REPUBLIKA.CO.ID, MALANG -- Campur tangan teknologi dalam segala lini memang tak bisa dihindari lagi. Berbagai metode dikembangan dengan basis teknologi untuk mempermudah manusia melakukan aktivitasnya termasuk di bidang terapi pada pasien.
Metode dengan basis teknologi juga termasuk hal yang sedang dikembangkan oleh Fakultas Psikologi Universitas Muhammadiyah Malang (UMM). Salah satunya dibuktikan melalui terapi berbasis virtual reality (VR). Terapi ini bertujuan untuk memudahkan terapi dan penanganan pasien.
Melihat hal tersebut, lokakarya pun diadakan di Rayz Hotel UMM pada 23 Februari 2023. Kegiatan ini menjadi langkah awal perkembangan teknologi virtual reality pada dunia psikologi.
Kepala Laboratorium Psikologi UMM, Adhiyatman Prabowo menyatakan, kegiatan ini juga mengkaji psychtechnology. Menariknya, inovasi ini akan dikembangkan spesifik pada kasus penderita fobia kucing.
Luaran workshop ini adalah untuk mengembangkan psychotechnology UMM ke arah virtual reality. "Seperti yang kita lihat, teknologi masih belum banyak dikembangkan khususnya di daerah Malang,” katanya dalam pesan resmi yang diterima Republika.
Terkait fobia kucing yang digunakan secara spesifik, Adhiyatman menjelaskan, banyak masyarakat Indonesia yang memiliki fobia akan kucing. Dengan begitu, akan ada upaya yang lebih futuristik dalam menanganinya.
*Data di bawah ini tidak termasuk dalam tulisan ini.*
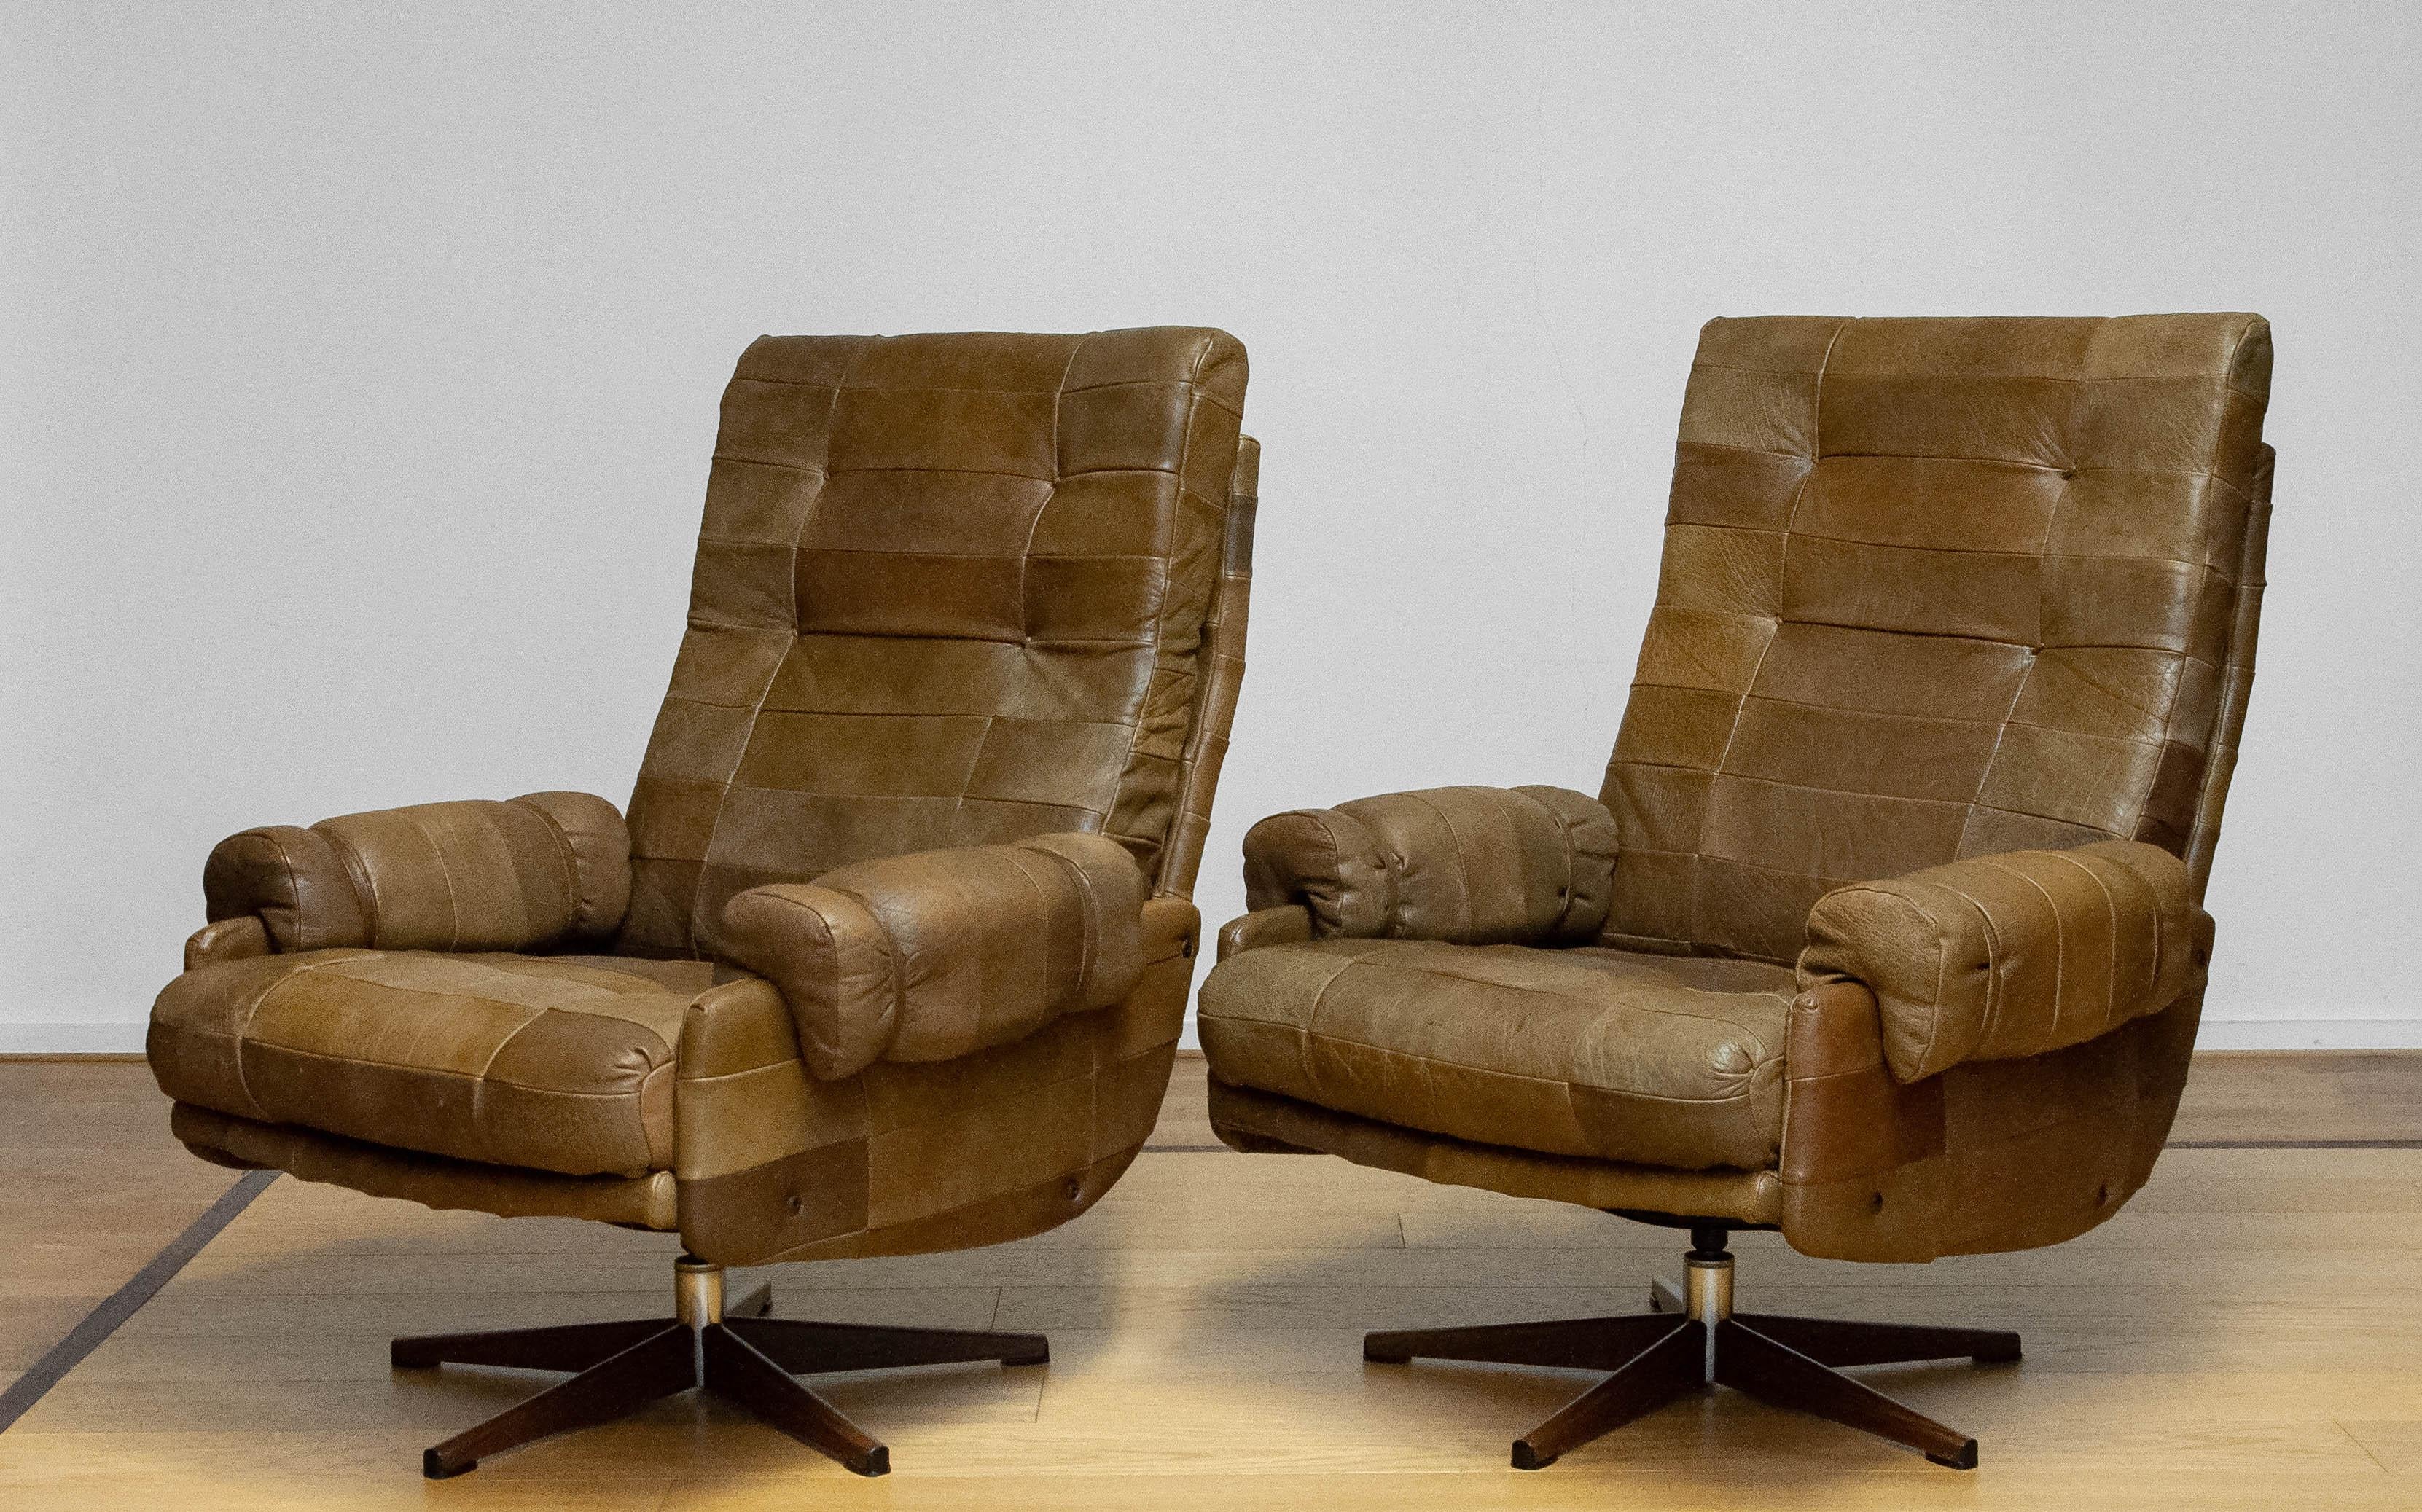 Extremely comfortable pair swivel chairs by Arne Norell For Norell Möbler AB in Sweden from the 1970s. The chairs are upholstered with beautiful and sturdy olive green ( patchwork ) buffalo leather. The chairs supports great and are absolutely made
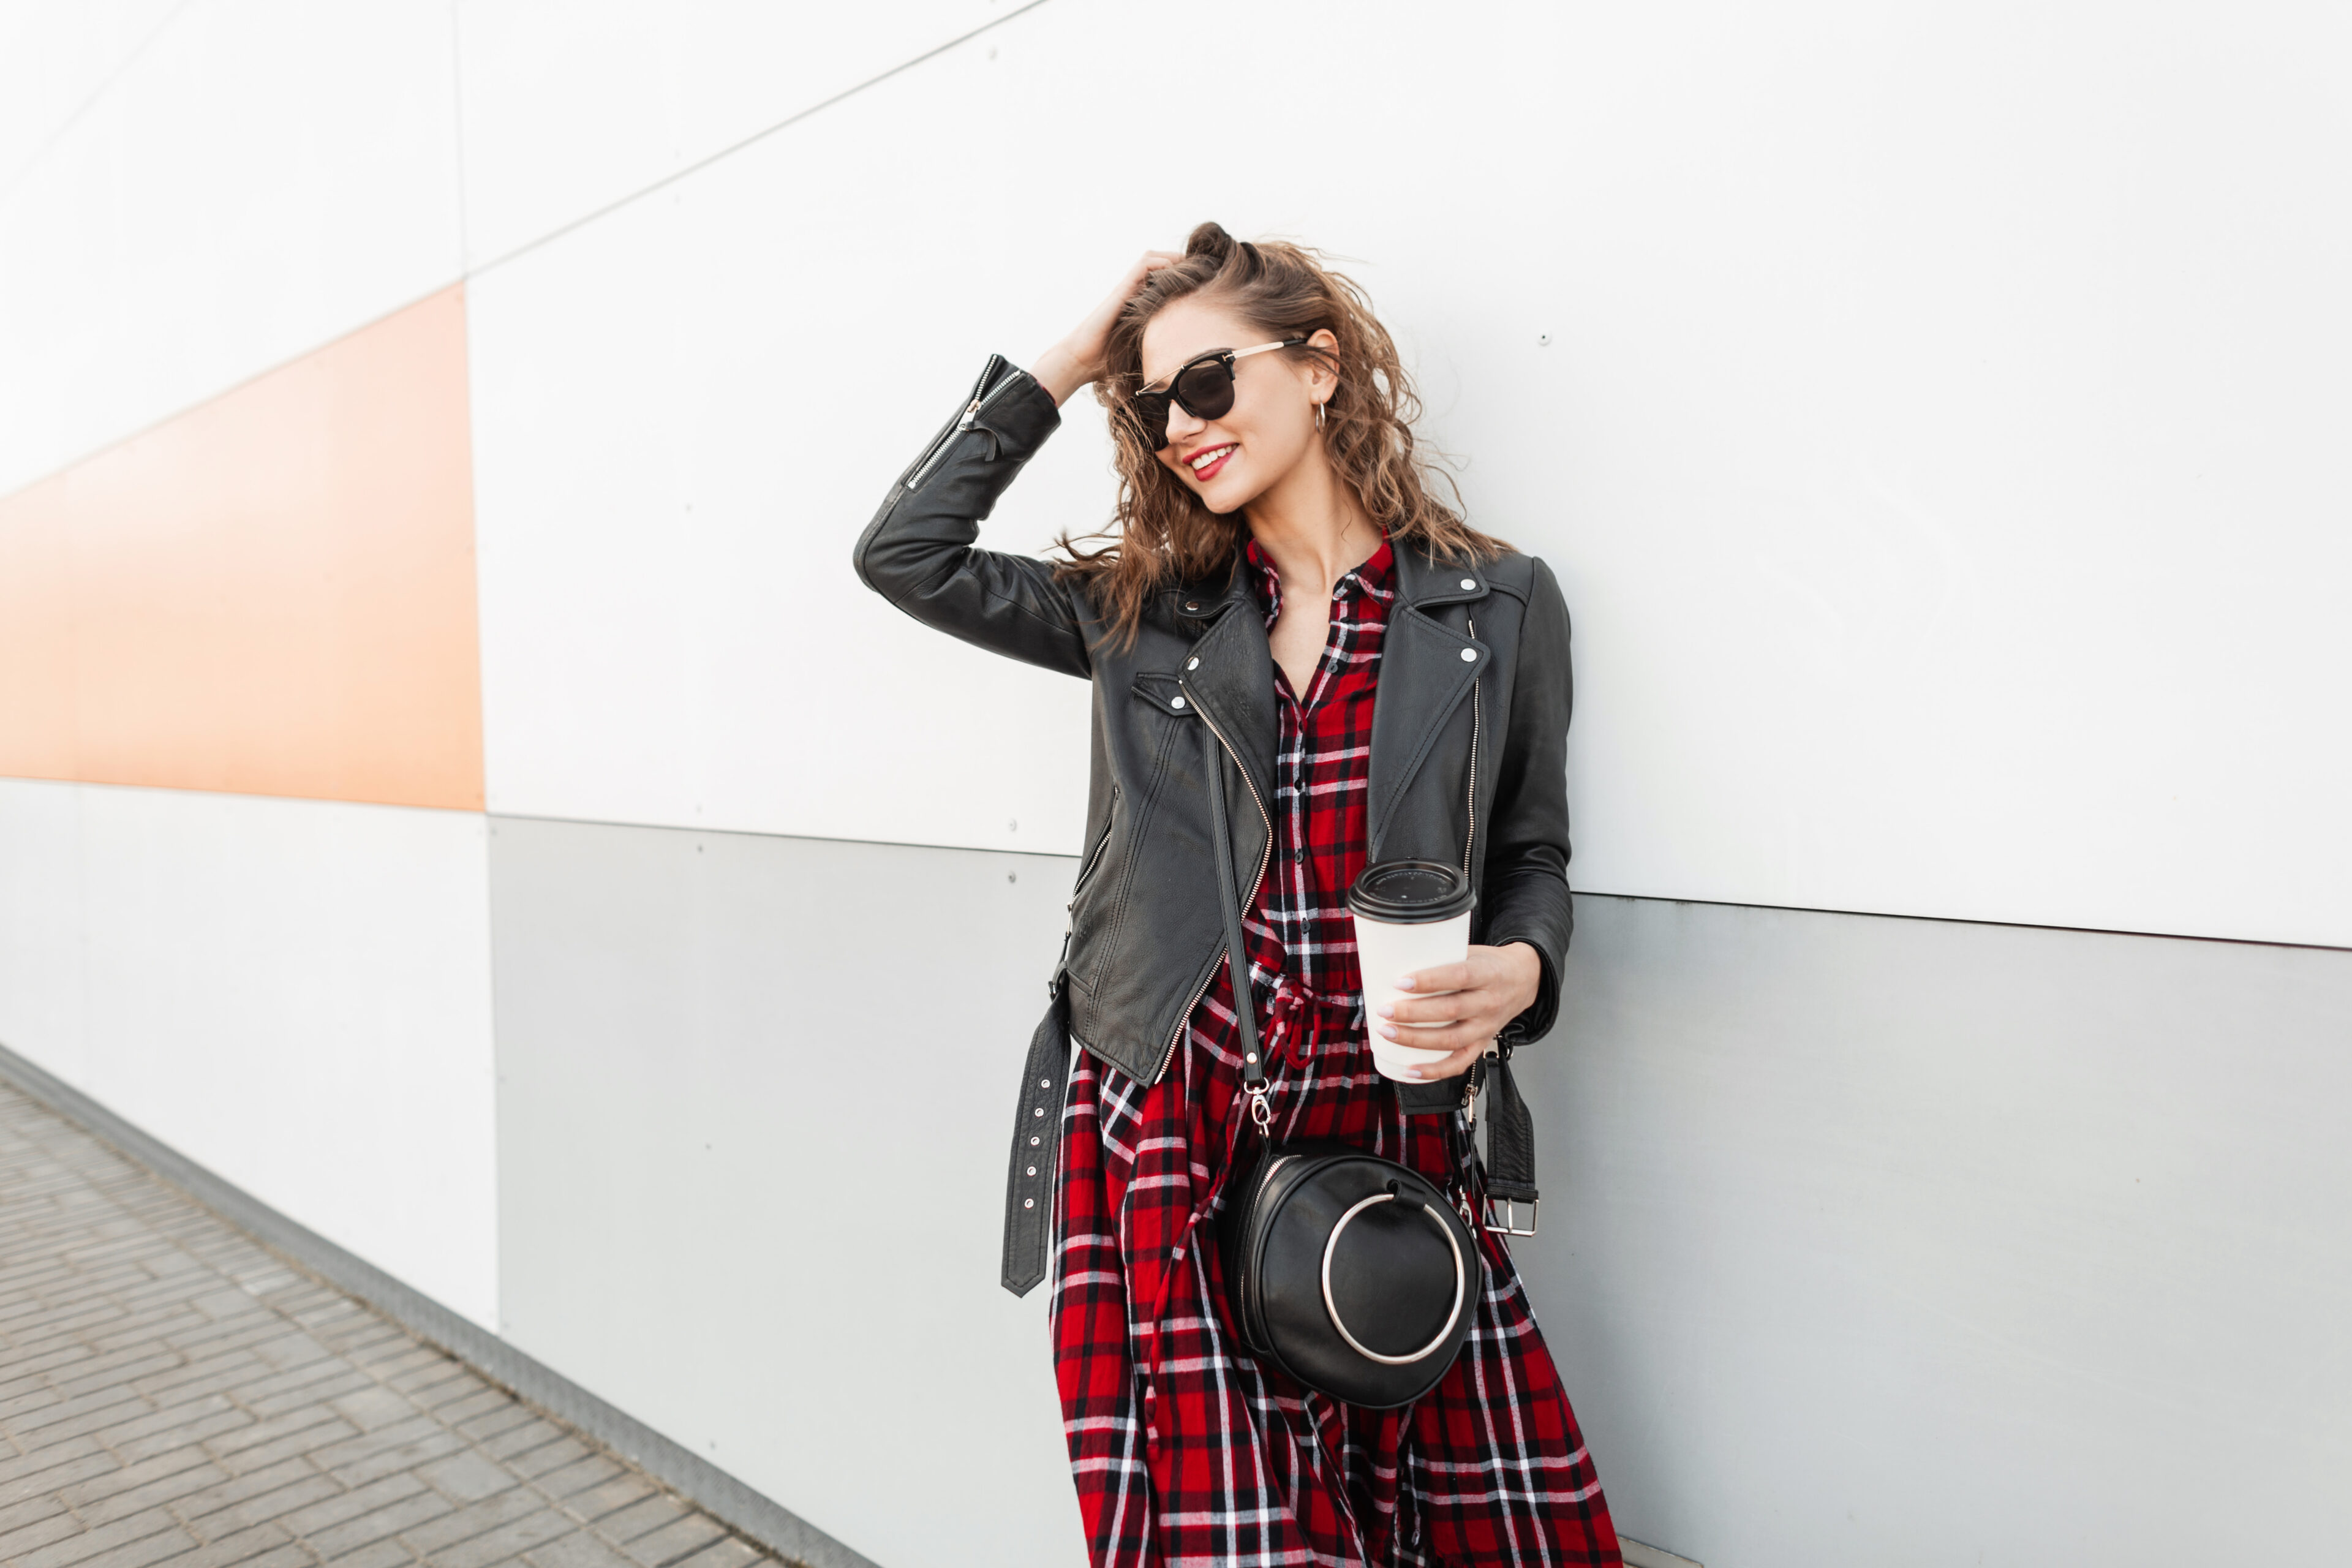 Checkered Skirts And Leather Jackets

Adapun lokakarya itu mendatangkan pakar psychotechnology ternama, Aulia Iskandarsyah. Dalam kajian tersebut, dia membahas mengenai seberapa jauh capaian dari teknologi untuk dunia psikologi.
Menurut Aulia, manusia sudah tidak bisa lepas dari gawai yang ada di tangannya. Maka, sudah seharusnya teknologi menyasar berbagai bidang termasuk psikologi.
Dia menerangkan, psychotechnology dapat diterapkan pada pengguna umum terkecuali populasi rentan dan di bawah 17 tahun. Maksud populasi rentan adalah mereka yang lansia, anak-anak, dan lain sebagainya.
Aulia menyampaikan psikologi dapat dikembangkan dalam teknologi virtual reality (VR). Salah satunya dengan mengatur skenario yang bisa dirasakan oleh manusia.
Menurut dia, psychotechnology bisa diterapkan ke banyak orang. Bahkan pada mereka yang belum didiagnosa memiliki trauma terkait. "Namun sudah memiliki kecenderungan yang mengarah ke gangguan tersebut," jelasnya.
Selanjutnya, para pakar dapat melakukan banyak hal. Misalnya seperti kuesioner, mengecek masalah fungsi low, moderate atau high-nya, dan lain sebagainya.
Adapun teknologi VR untuk psikologi di UMM sudah dikembangkan dan saat ini berjalan 80 persen. Pengerjaannya juga sudah dilakukan sejak enam bulan lalu. Salah satu contoh skenarionya adalah menggunakan basic video reality, di mana pengguna diajak untuk melihat secara 360 derajat keadaan yang ditakutinya. Dengan pelatihan ini, diharapkan para pasien akan menjadi lebih tenang dan relaks.
Di samping itu, canggihnya teknologi virtual reality juga mempunyai efek samping bagi penggunaannya. Salah satunya, yakni migrain yang diakibatkan oleh durasi penggunaan yang terlalu lama. Maka itu, perlu adanya standar prosedur beroperasi yang jelas sehingga penggunaan VR di dunia psikologi dapat lebih maksimal.